STUDY MATERIAL |
━━━━━━

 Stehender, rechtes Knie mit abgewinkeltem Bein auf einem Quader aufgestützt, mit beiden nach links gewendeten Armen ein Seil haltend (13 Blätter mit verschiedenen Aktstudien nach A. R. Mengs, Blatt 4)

━━━━━━

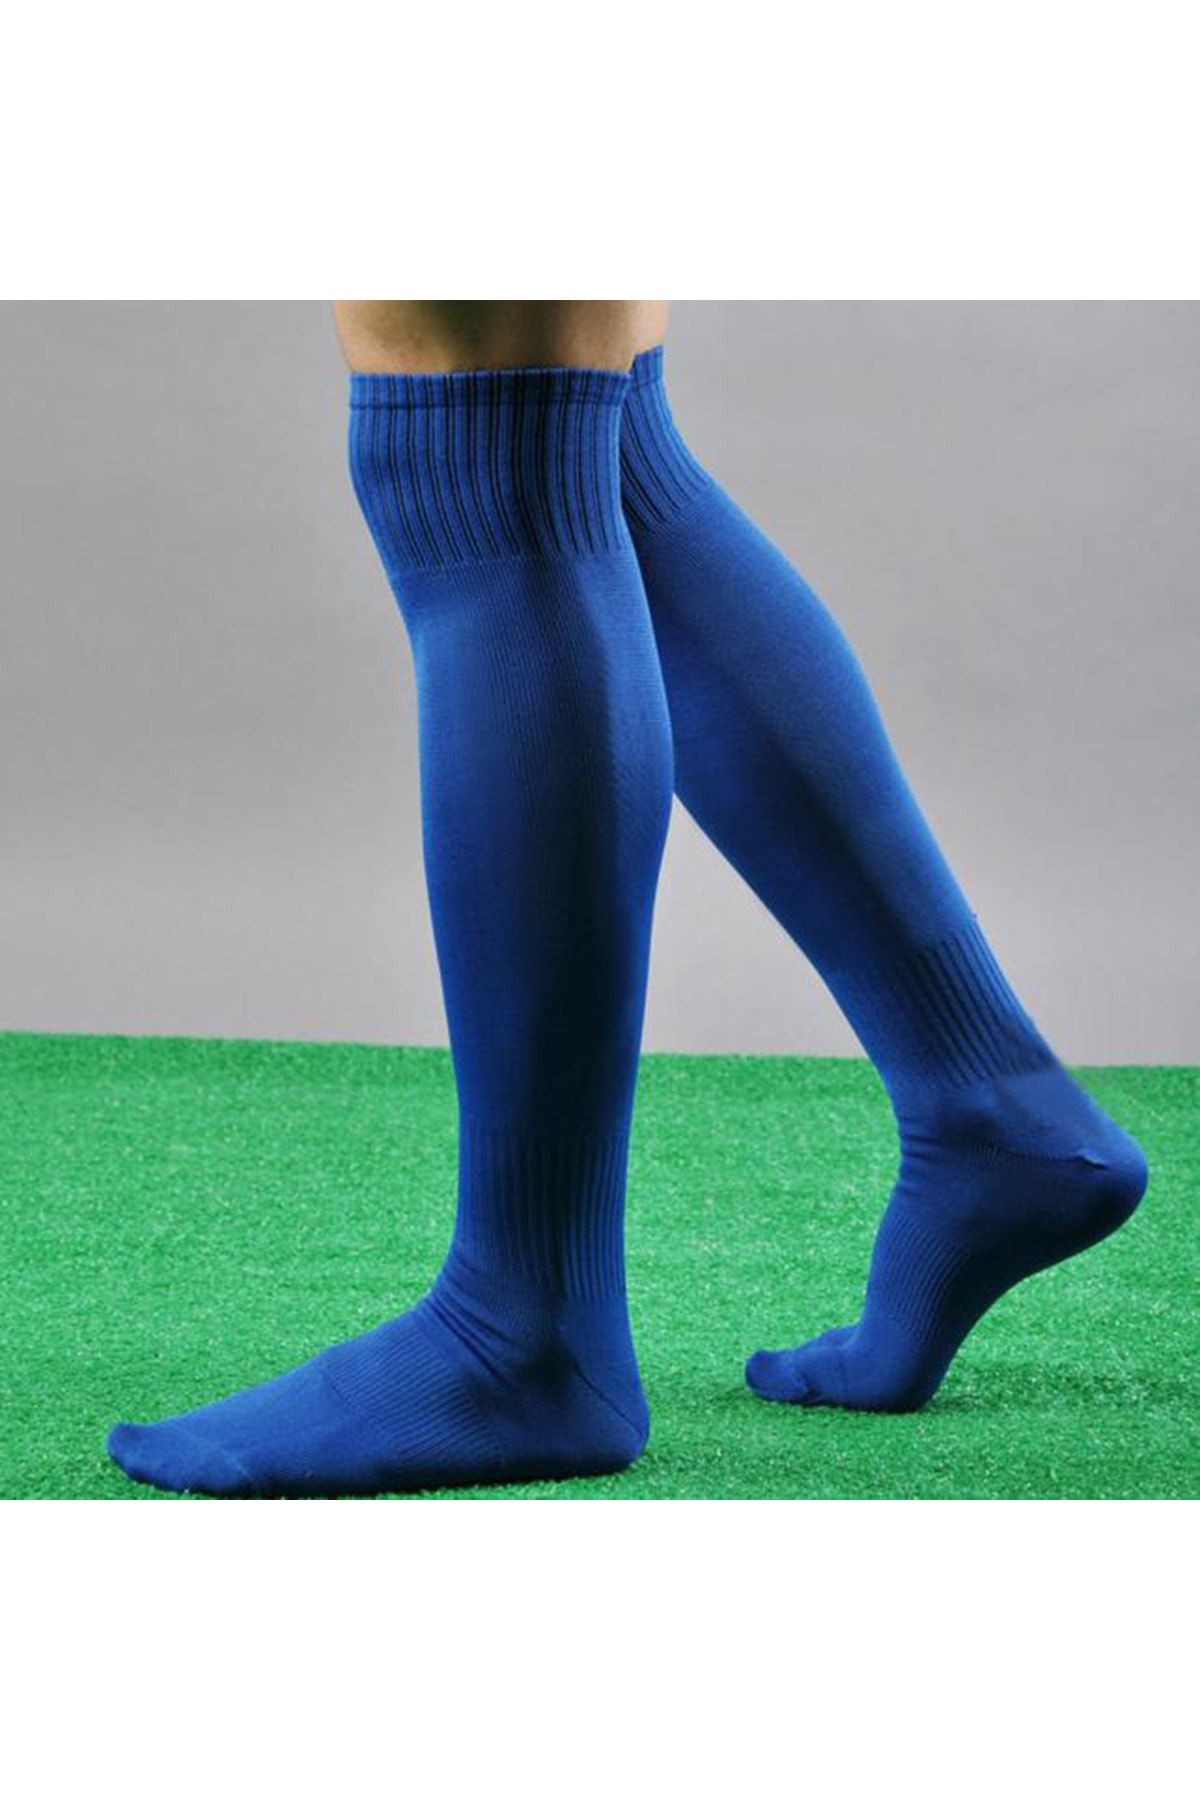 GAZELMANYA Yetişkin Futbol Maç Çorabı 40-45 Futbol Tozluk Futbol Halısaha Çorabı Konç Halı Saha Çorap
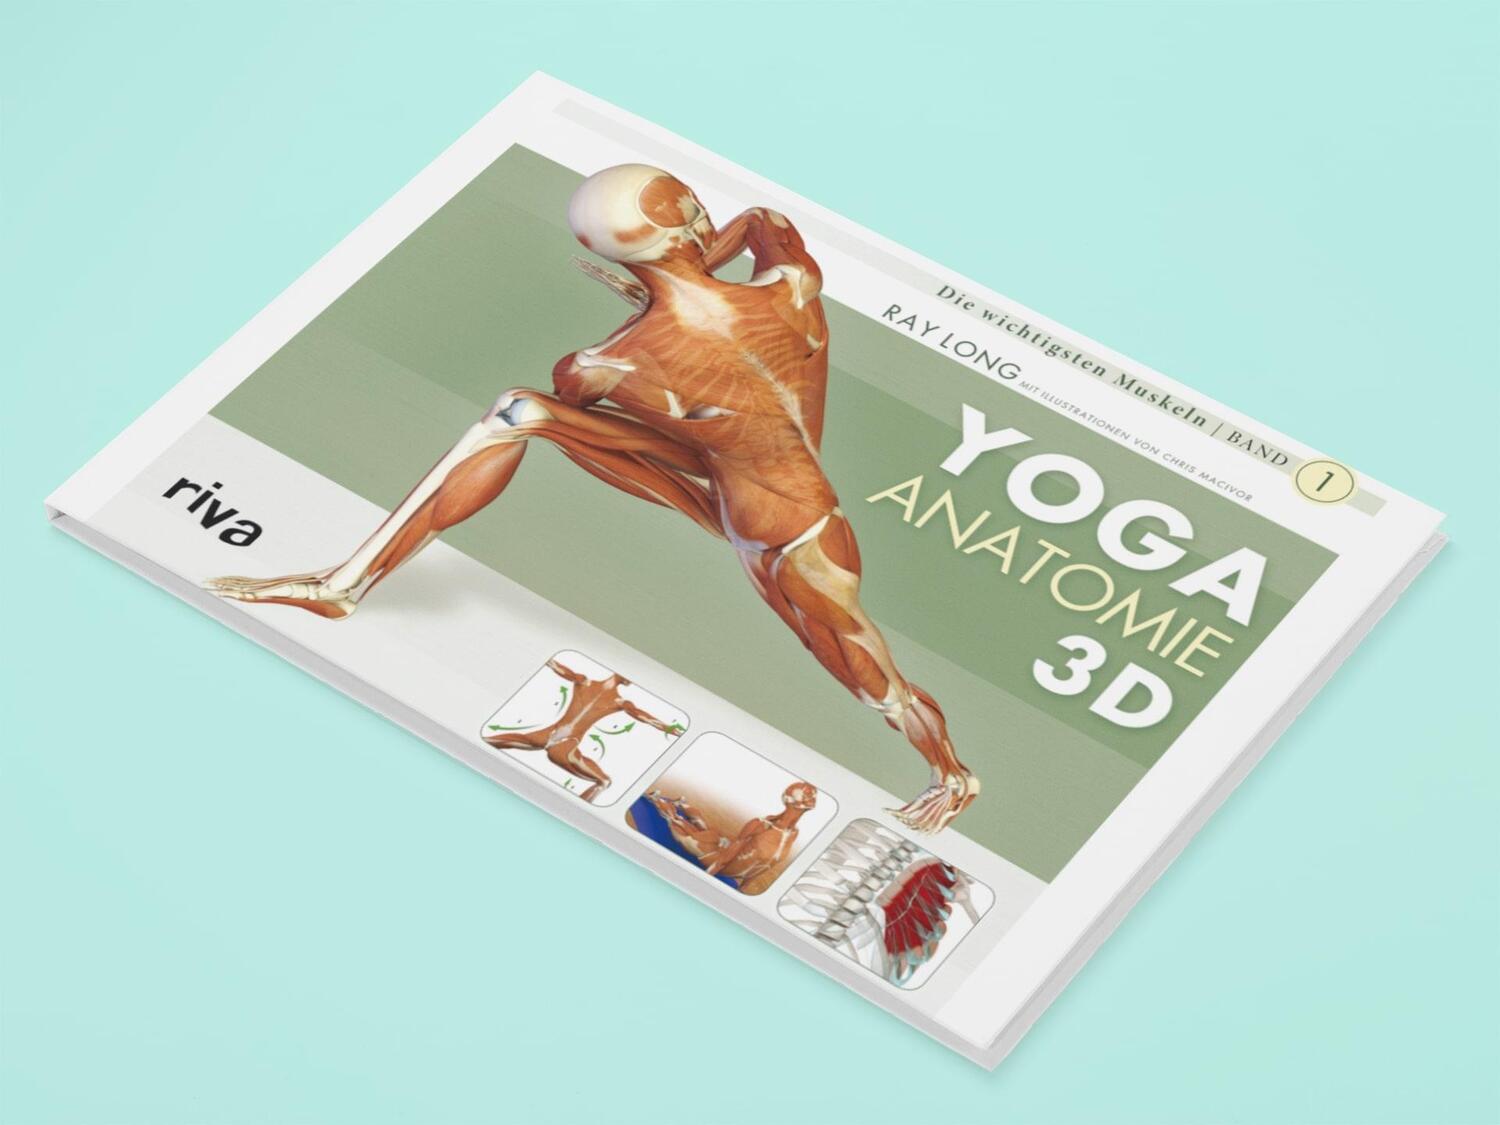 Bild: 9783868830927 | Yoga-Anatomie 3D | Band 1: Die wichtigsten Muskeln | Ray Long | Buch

━━━━━━

TASK OBJECTIVE | Each line from the one that contains "GAZELMANYA Yetişkin Futbol" down to the one that contains "Bild: 9783868830927 |" is to be returned exactly as it stands above, both ends included, with pictures removed.

WRITTEN SOLUTION |
 GAZELMANYA Yetişkin Futbol Maç Çorabı 40-45 Futbol Tozluk Futbol Halısaha Çorabı Konç Halı Saha Çorap
 Bild: 9783868830927 | Yoga-Anatomie 3D | Band 1: Die wichtigsten Muskeln | Ray Long | Buch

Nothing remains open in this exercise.